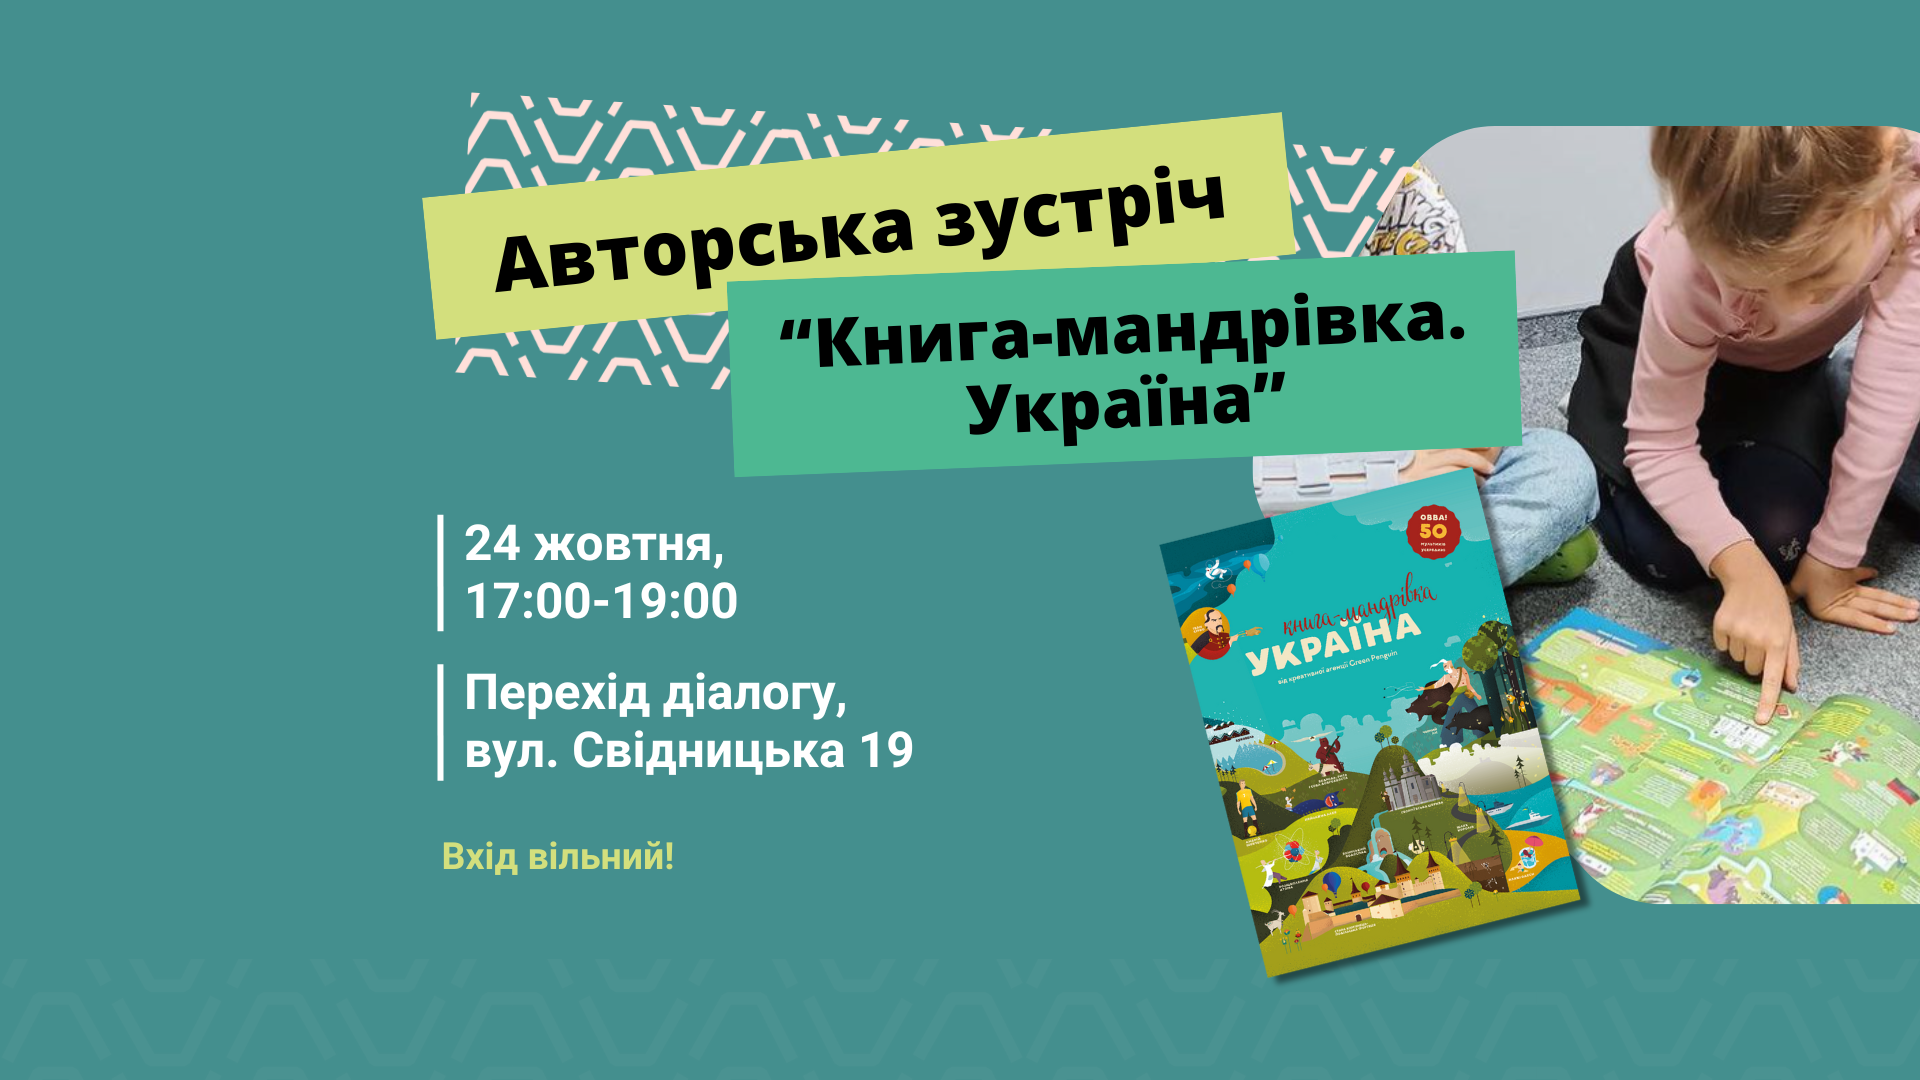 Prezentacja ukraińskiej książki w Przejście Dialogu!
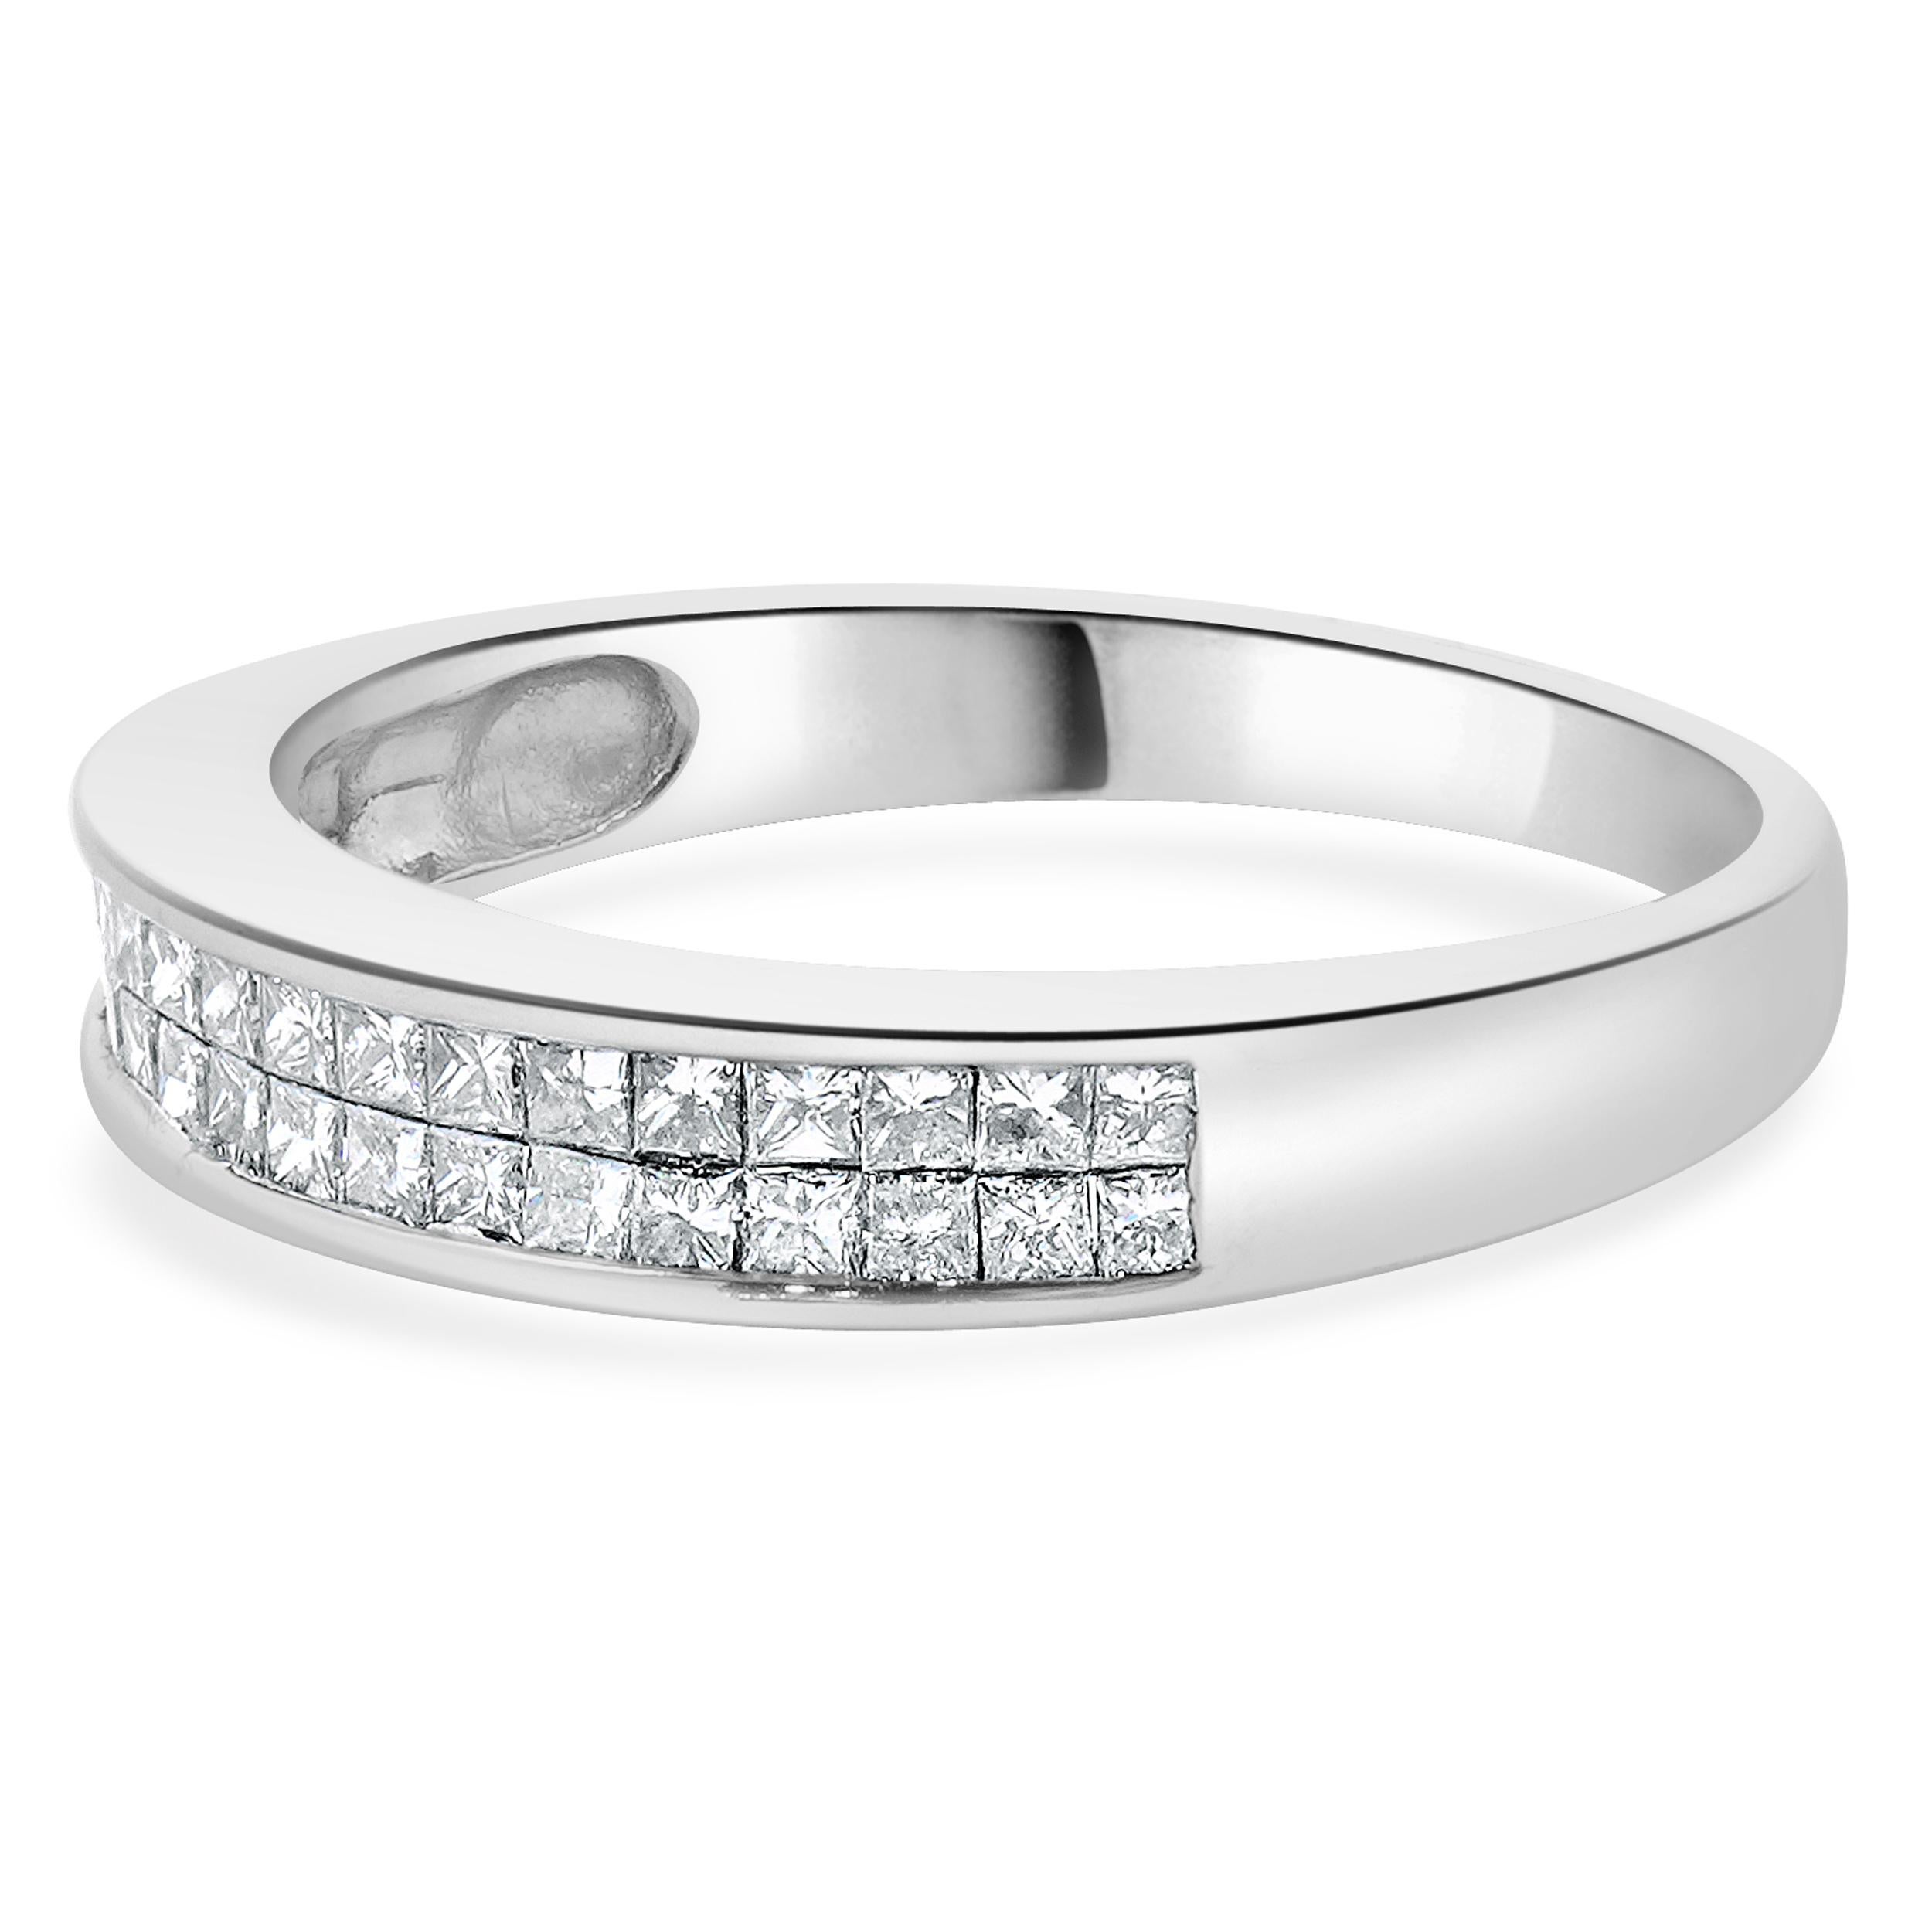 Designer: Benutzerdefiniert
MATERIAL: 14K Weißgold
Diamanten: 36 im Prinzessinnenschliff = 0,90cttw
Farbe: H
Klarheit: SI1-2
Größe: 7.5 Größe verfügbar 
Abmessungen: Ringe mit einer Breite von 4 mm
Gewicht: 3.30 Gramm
#####
If an entry above holds a picture, omit the picture but retype everything else exactly.

 Prezentacja ukraińskiej książki w Przejście Dialogu!
 Designer: Benutzerdefiniert
MATERIAL: 14K Weißgold
Diamanten: 36 im Prinzessinnenschliff = 0,90cttw
Farbe: H
Klarheit: SI1-2
Größe: 7.5 Größe verfügbar 
Abmessungen: Ringe mit einer Breite von 4 mm
Gewicht: 3.30 Gramm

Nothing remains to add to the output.